The chart above is from the July, 2023 Times / Siena election poll, looking at U.S. Republican primary voters’ candidate preferences. This poll made the front page of the Times’ website on four separate days last summer. Their October, 2023 election poll enjoyed similar front-page treatment. Same for this latest poll from December, 2023.

Election polling often gets the top spot because it’s compelling content. As renowned American (data) journalist Philip Meyer explained, “The most interesting fact about an election is who wins. The most interesting thing about a campaign at any given moment is who is ahead.” 

Despite their popularity, election polls can be quite sketchy. So sketchy, in fact, that since 2016, Pew and Gallup walked away from the process entirely. Some countries like France, Spain and Canada have even banned polling results from the media in the days before an election. 

Most criticism of polling focuses on accuracy. This misses the bigger picture though. Even if forecasts were oracularly accurate, they’d still be sketchy.

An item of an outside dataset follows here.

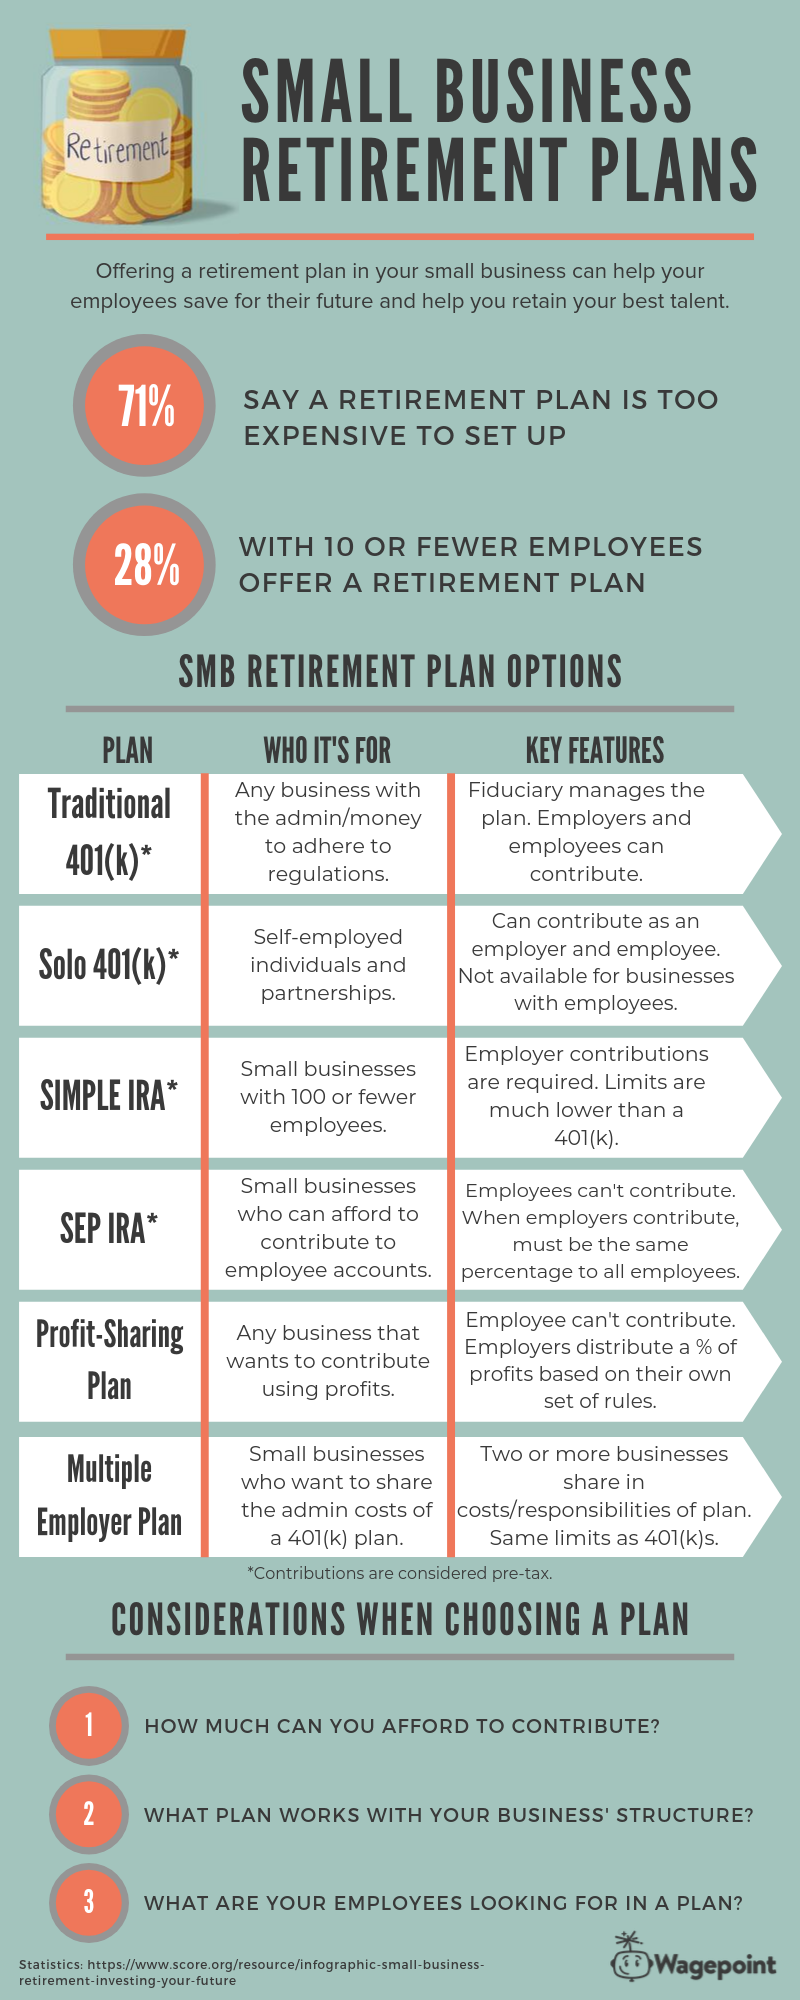 types of retirement plans for small business owners

  • Election polls aren’t particularly useful. For the same reason “all your friends are jumping off a bridge” isn’t a good reason to jump off of a bridge, a candidate’s popularity isn’t intrinsically revealing of how their governance might align with constituents’ values. 
  • Election polls can distort election outcomes. For example, researchers suggest Hillary Clinton’s lead in the 2016 polls made her supporters complacent and may have suppressed turnout enough to tip the election toward Trump. 
  • Election polls fuel the flames of the media’s “horse race” coverage. Researchers associate this type of coverage with a number of negative, downstream effects like 1) distrust in political leaders, 2) distrust in the media itself, and 3) an uninformed electorate.

Experiment: Can dataviz help manage election expectations?

In explaining the drama with election polling, a popular argument is “blame the audience!” If only people knew “how to read the polls” and could better incorporate error and uncertainty into their judgements, perhaps a lot of this fuss would blow over?! 

If the problem were purely about judging uncertainty, then we might be able to solve it with dataviz. So what would happen if we let leading researchers on visualizing uncertainty design election forecasts?

  1. They would use Matthew Kay’s Quantile Dot Plots
  2. Election polling would still be sketchy.

This year, Fumeng Yang and others at Northwestern won a VIS Best Paper award for their epic study of how even well-designed election charts can impact viewers during an election. 

Screenshot of four stimuli and the surrounding website used in Fumeng Yang & friends’ 2023 paper: “Swaying the Public? Impacts of Election Forecast Visualizations on Emotion, Trust, and Intention in the 2022 U.S. Midterms.” Each condition shows an election forecast using a different way to show uncertainty. 

Above are four possible ways to visualize election forecasts for the 2022 Georgia governor elections between Stacy Abrams and Brian Kemp. Each of these charts shows the vote share for each party and the probability that either candidate would win. 

Notably, charts A and D are closely related “quantile dot plots.” The only difference is that D has a related animation showing the dots filling in like plinko balls, giving it a more direct physical metaphor. Chart C is a gradient interval, where the darker parts of the band correspond to the areas with the highest probability. 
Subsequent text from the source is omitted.